Но если этот человек так велик, если в нем столько энергии, так почему же он не воспользуется ею, чтобы победить свои столь пагубные стремления? Почему он употребляет свою силу во зло? Пираты и бандиты, выходит, тоже великие люди? Значит, человек, прославившийся дерзкими преступлениями или из ряда вон выходящими пороками, заслуживает того, чтобы взволнованная толпа почтительно склонила перед ним головы? Значит, для того, чтобы понравиться вам, надо быть героем или чудовищем?.. Может быть. Когда я думаю о полной и бурной жизни, которую, должно быть, вы прожили, когда я вижу, сколько иллюзий для вас погибло, когда я в мыслях ваших нахожу изнеможение и усталость, я говорю себе, что безвестная и тусклая жизнь вроде моей окажется для вас лишь тягостным бременем, что только необычные и сильные впечатления могут пробудить сочувствие в вашей истерзанной душе.

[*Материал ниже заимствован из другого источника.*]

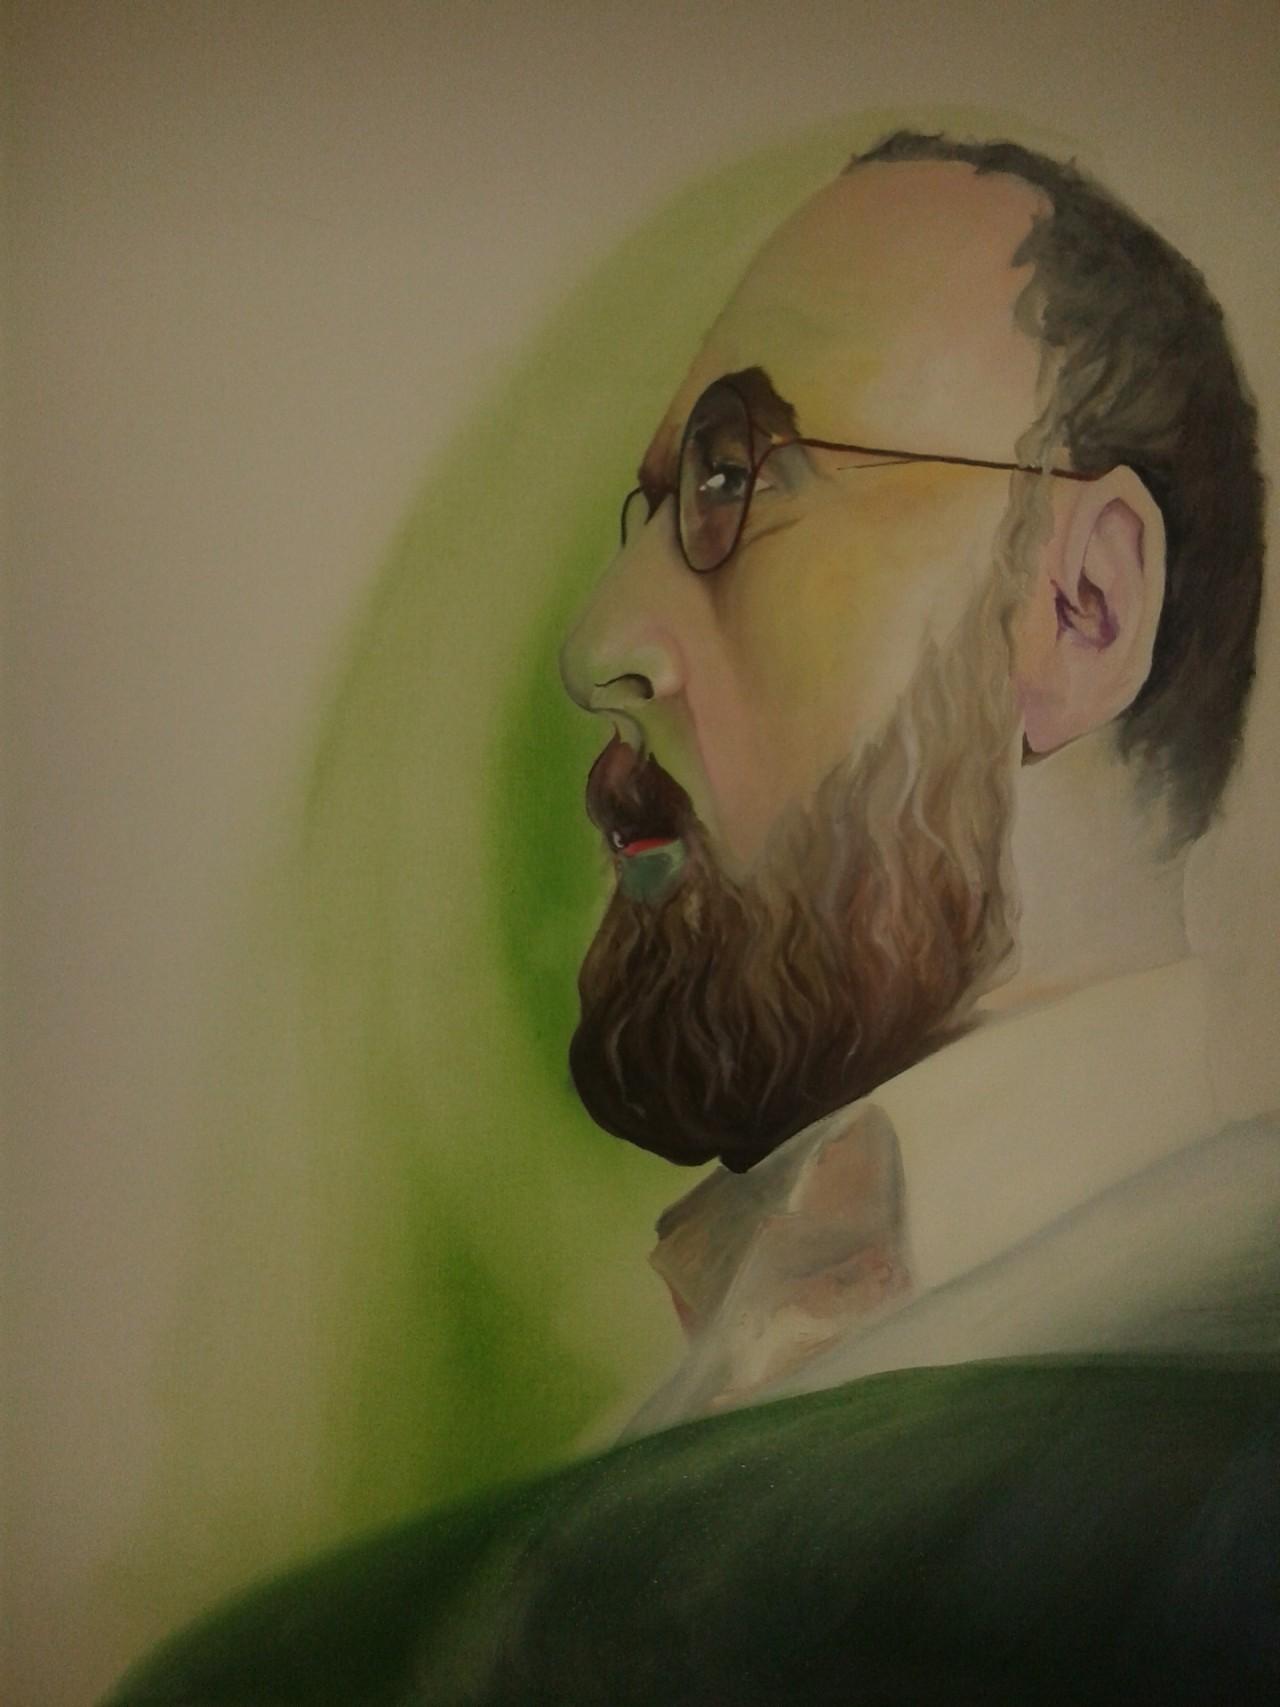 taunuswolf:  Mein schönstes Geschenk zum 60. Geburtstag. Ein Porträt, gemalt von Hannah Bayer, entstanden im Atelier von Anika van Vught (Mephistopholes)

Так скажите же мне хоть слово, чтобы ободрить меня, Лелия! Скажите мне, кем вы хотите, чтобы я был, и я буду им. Вы считаете, что любовь женщины не может дать человеку столько сил, сколько любовь к золоту… Продолжайте, продолжайте его историю, она неимоверно меня волнует — ведь в конце концов это же история вашей души; этой глубокой, переменчивой, неуловимой души, которую я все время ищу и которую мне так никогда и не удается постичь».

10

«Без сомнения, юноша, вы намного выше нас — да успокоится ваша гордость. Но через десять лет, даже через пять сравнитесь ли вы с Тренмором, с Лелией? Кто знает!